Jess Shannon Posted 14 hours ago Posted 14 hours ago We're building an extension on to an old cottage, stone footings are about 300-350mm below floor level. I've been talking to a couple of companies that supply these (KORE and Isoquick). They're saying the engineer needs to detail the junction and the engineer is asking for details from them. I've sketched this up as how I think it might work. Isoquick said to just cut their foundation to fit. I've added some cork in at the edge but I'm wondering if that should continue down further so if there's any movement it's not straight onto the rigid insulation, or does that not matter? I'm not quite sure how it would work at the thickenings on the out edge of the slab, should we slope the insulation up?
Nickfromwales Posted 14 hours ago Posted 14 hours ago As you’ve drawn it seems fine, but unless this is a 200mm raft because load bearing intermediate walls are landing on it, then go for more insulation and a thinner slab? I assume you’ve omitted DPM/DPC for simplicity? Lose the cork, and replace with 30mm PIR insulation. Cork is hygroscopic and friable.
Mike Posted 13 hours ago Posted 13 hours ago If there is no DPC in the wall - I'd guess there isn't - then if you block the moisture in the ground from escaping due to impermeable insulation or a DPM, it will tend to escape through the wall where it may cause a build-up of salts in the wall / plaster. I'd therefore be thinking about choosing the right hand side of your sketch but using limecrete in place of concrete. This isn't something that I've been involved with, but there are some pointers & further links at https://www.greenspec.co.uk/building-design/limecrete-floors-for-old-buildings/ You'll also need to convince your BCO.

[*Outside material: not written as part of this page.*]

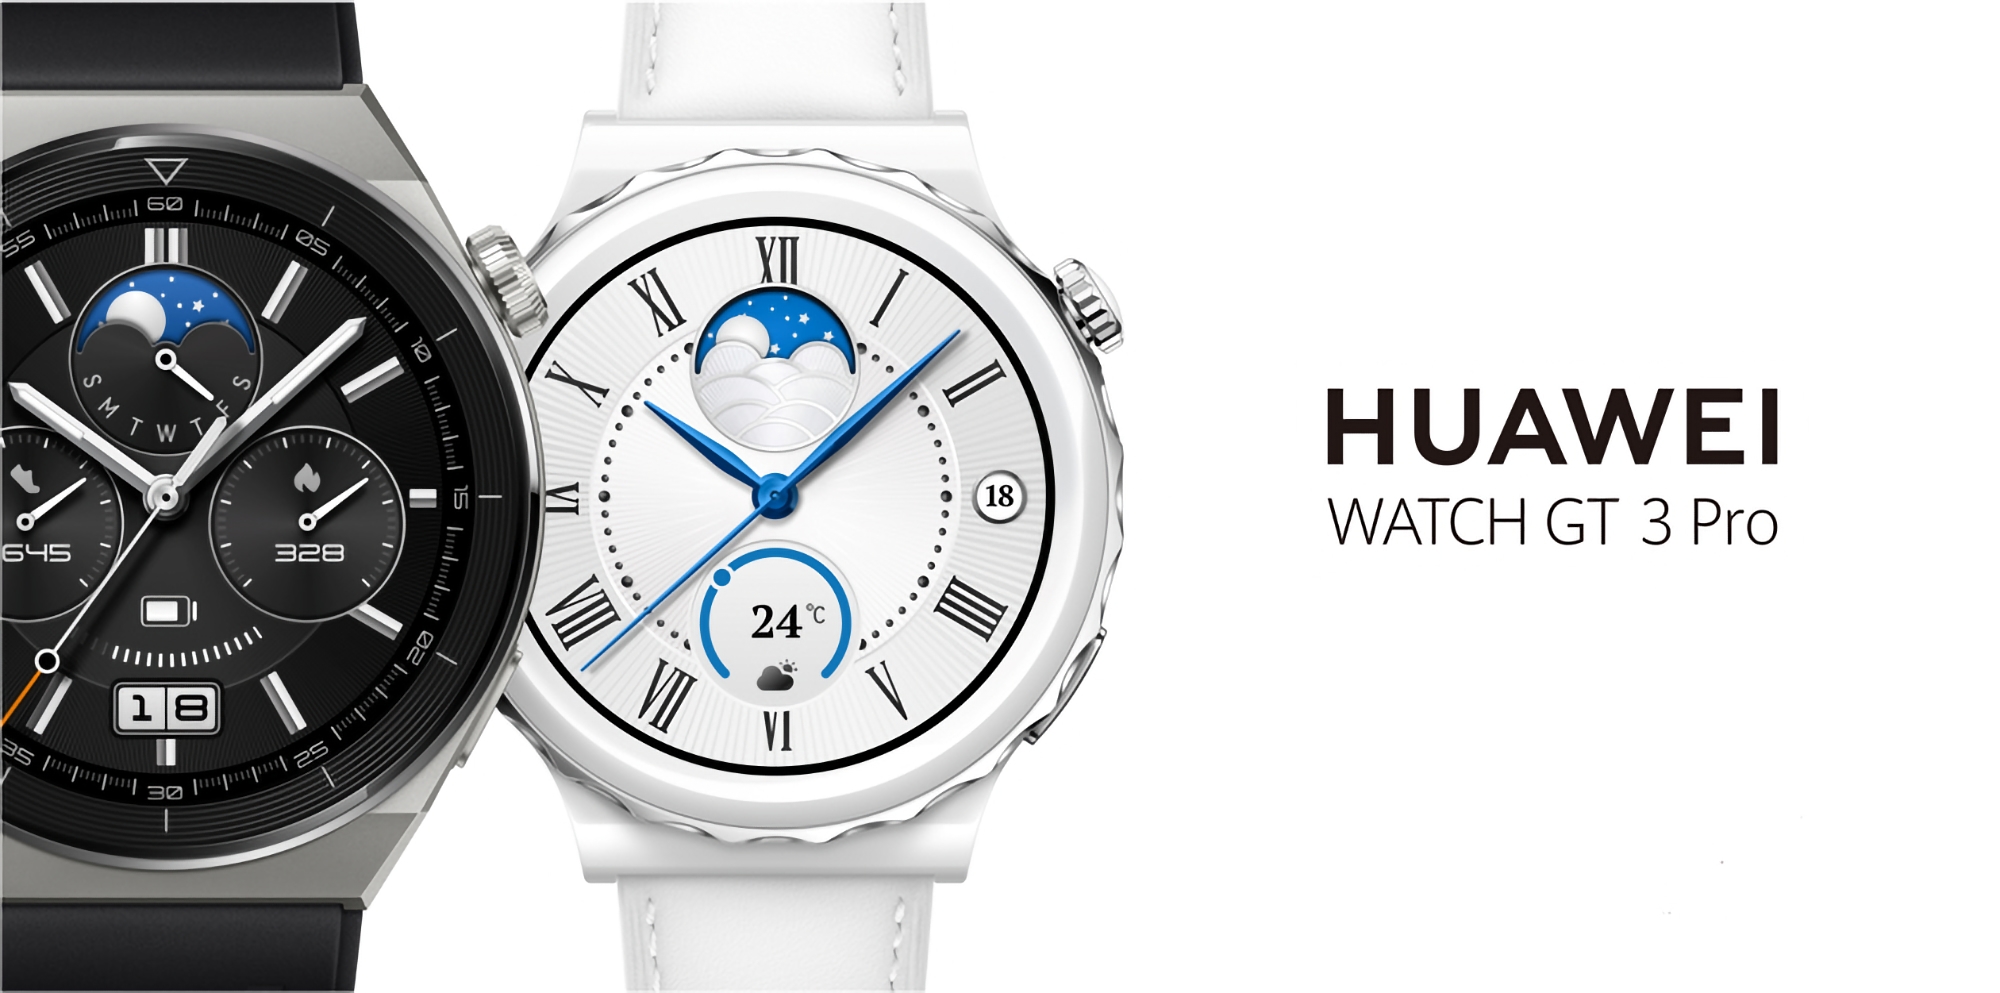 Gli utenti globali di Huawei Watch GT 3 Pro hanno iniziato a ricevere l'aggiornamento HarmonyOS 4

saveasteading Posted 11 hours ago Posted 11 hours ago I don't understand your drawing, lovely as it is, because i don't see how the old cottage relates. Or are you digging out the old floor? 1 hour ago, Mike said: You'll also need to convince your BCO. Quite so. You'll need a detailed design from an SE, otherwise the bco will want the new bit built to current regs. 1
Gus Potter Posted 4 hours ago Posted 4 hours ago 9 hours ago, Jess Shannon said: We're building an extension on to an old cottage, stone footings are about 300-350mm below floor level. I do like your idea of foam glass. I've designed using this and in the right application it's fantastic stuff. How ever.. I'm very sceptical about how folk get different work packages and don't coordinate the design. You have to get your head around this. KORE etc are not here to do complex details for you or take on extra design liability, they are there to sell their product. Here is a thing I would want to understand more about. You show the soil under the existing stone wall at an angle of about 45 degrees. If that is clay then it is going to dry out and shrink like fury. If it's gravel then you will disturb it, it may fail suddenly during the build. Also you are reducing the "confining, call that a confining pressure" load above the level of the foundation by introducing lighter weight material. In other words, the soil around the found is to some extent stopped from squeezing upwards by the soil at the moment. But now you are reducing that load. The best advice I can give you is to take on board the concept but think about how the ground is going to behave, builders being rough and so on. There are far too many idealist thermal details on BH and few that understand the soil and how you build off that. You should discuss this with your SE, even if you have to pay them a bit more.